CMSWire: How do other types of measurement approaches like mixed modeling and attribution modeling fit into a unified CX measurement model?
Raj: Marketing mix modeling takes a top-down approach by looking at the high-level effectiveness of media mix on the customer journey, while marketing attribution is bottom-up, focusing on the individual impact of digital media, such as display or video ads. While both of these have a value charted along the customer journey, they’re determined in different ways, which means they don’t quite meet in the middle.
For example, mixed modeling is great for allocation of media, but not very effective in gathering granular performance insights for things like customer behaviors across touchpoints. Attribution modeling, on the other hand, gives you a great granular focus, but it can’t effectively measure offline media, in-store interactions and other kinds of external touchpoints. During my presentation, I’ll show the benefits of both, and how to merge them by using the customer journey as the hinge point, with analytics across both sides.
Best Practices for Effective CX Measurement
CMSWire: What are your top recommendations for organizations that want to take their customer experience measurement to the next level?
Raj: First, change your mindset. Ask yourself: How do we express these metrics in business terms? For example, if you talk about campaign response rates, link them to incremental revenue. Show how cost per lead reduces customer acquisition expenses and lowers costs. Or link customer SAT scores to reduced service costs. That’s what leaders will pay attention to.
Second, don’t focus on past performance. Most marketers report on activity and costs rather than metrics that the business can use to set direction.

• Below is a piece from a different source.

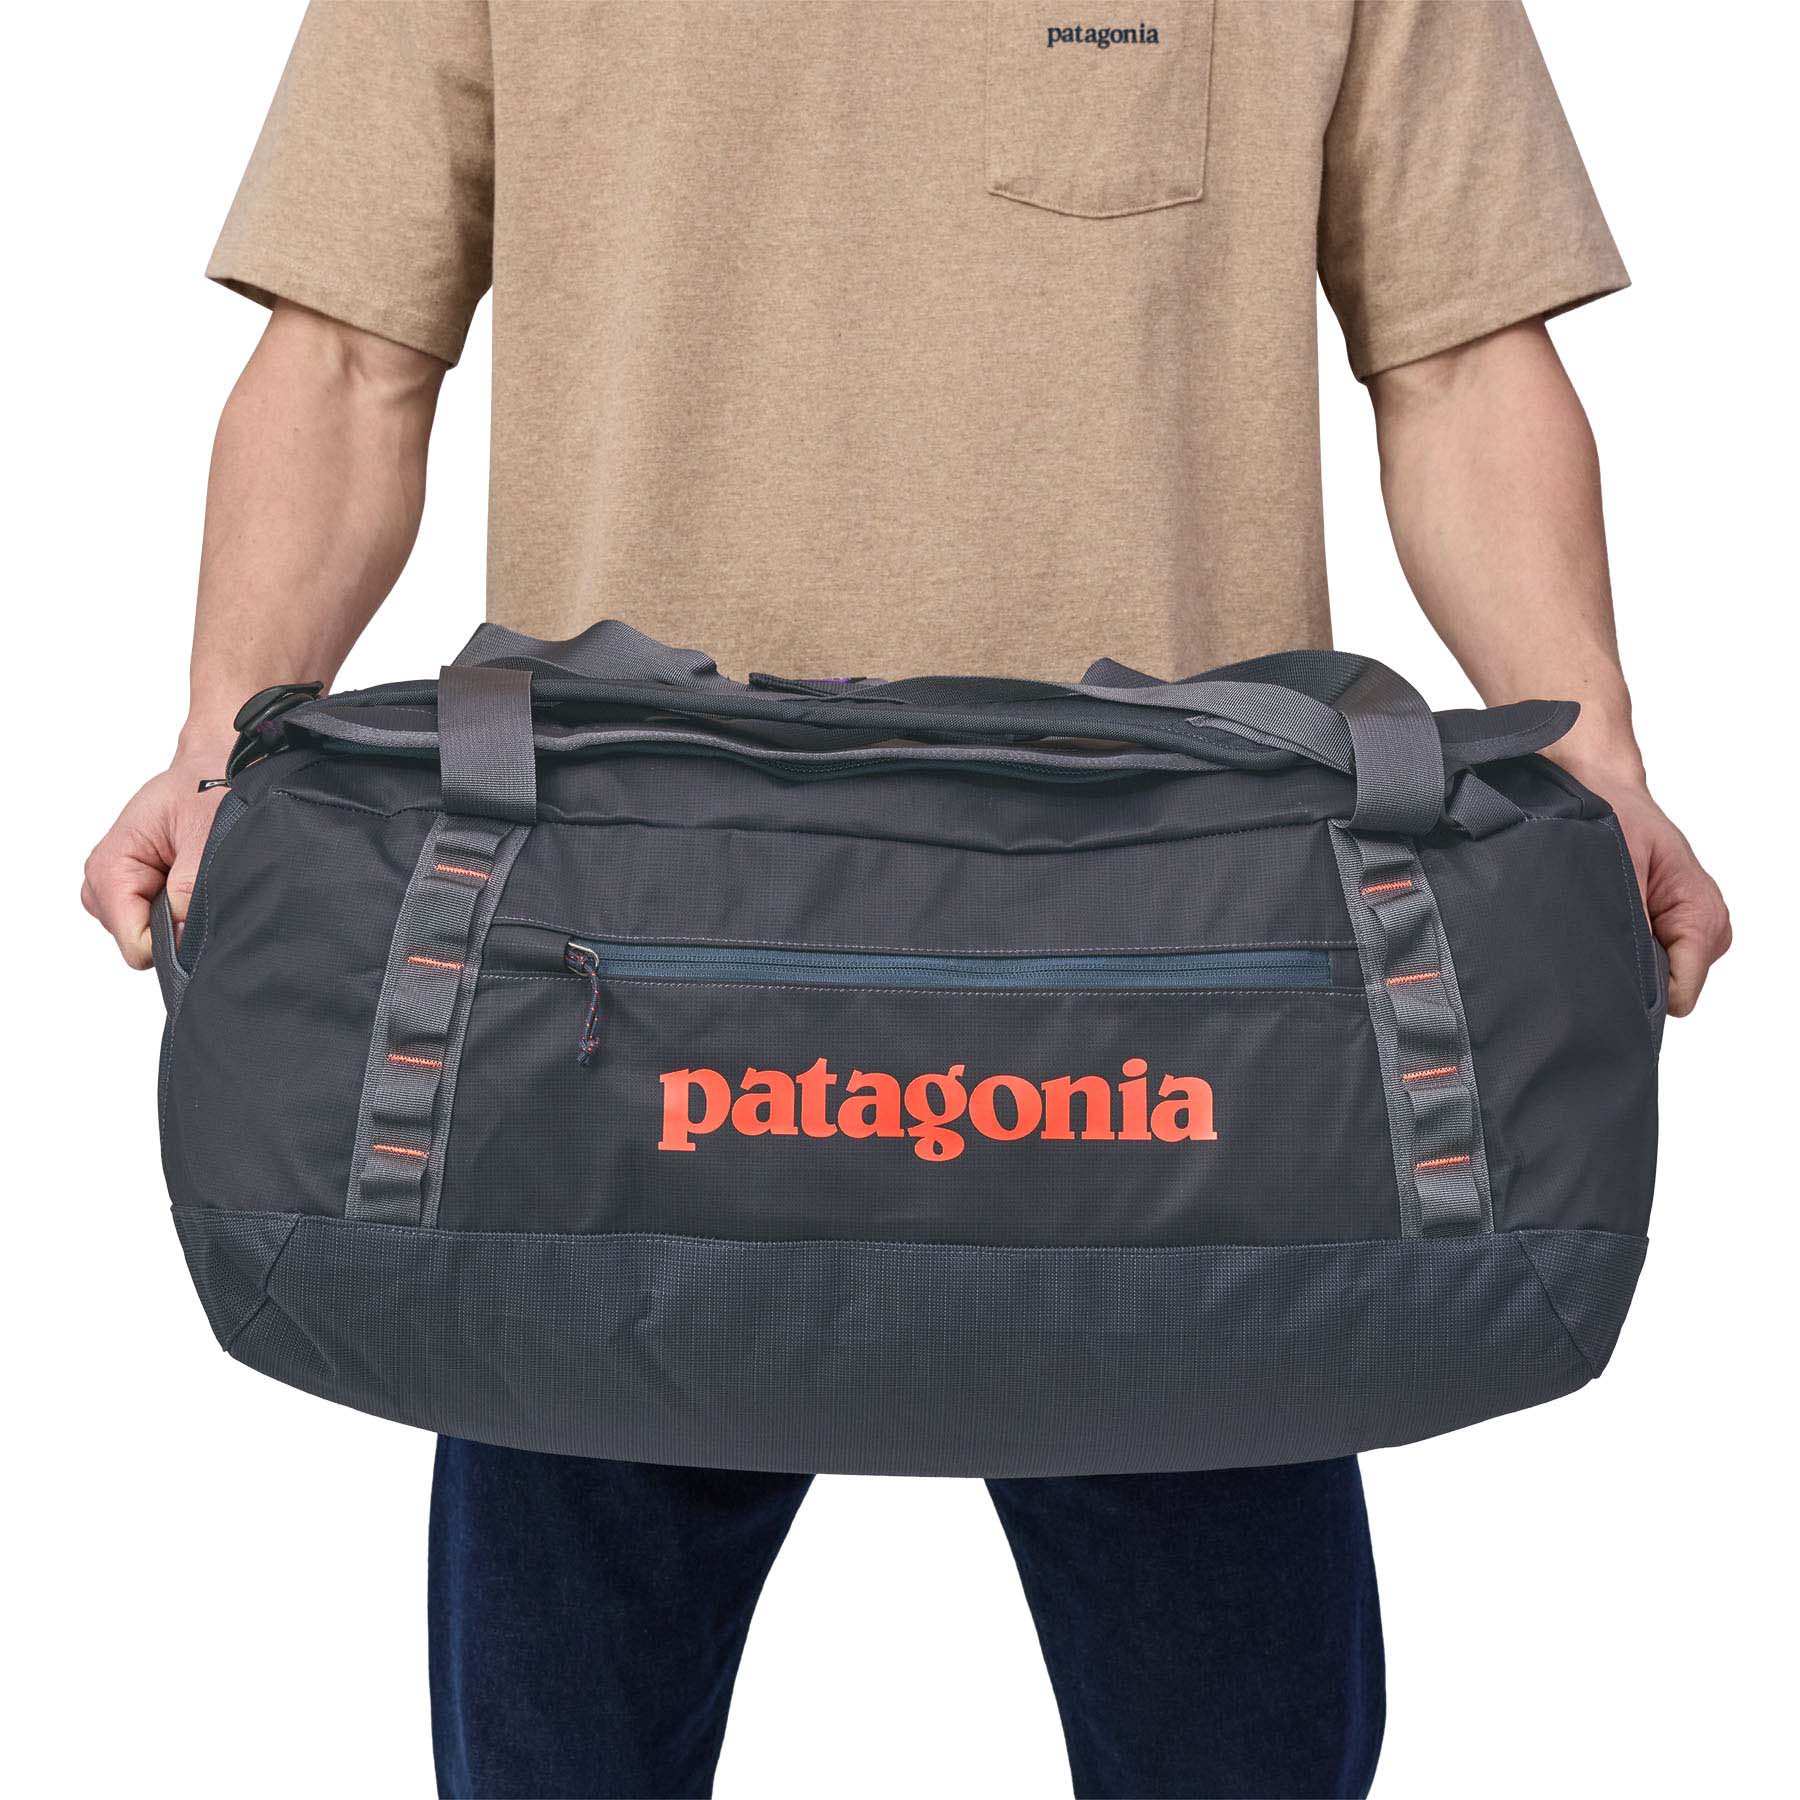 Patagonia Black Hole 55 Backpack & Duffel Bag

Rather than reporting on what’s happened for qualified leads and conversion rates, focus on what you can do to make those conversions happen.
Next, because data is a huge part of the process, worry more about accessing the data than centralizing it. Marketers spend a lot of time trying to consolidate their data. It’s more important that you’re able to access that data so you can get the metrics you need.
Finally, look for ways to keep up with all the new data coming your way and adjust your measurement models accordingly. You can do this by offloading cumbersome data aggregation and calculations to AI or machine learning technologies. That way, you can begin to think holistically about the value you’re providing to your customers and the business.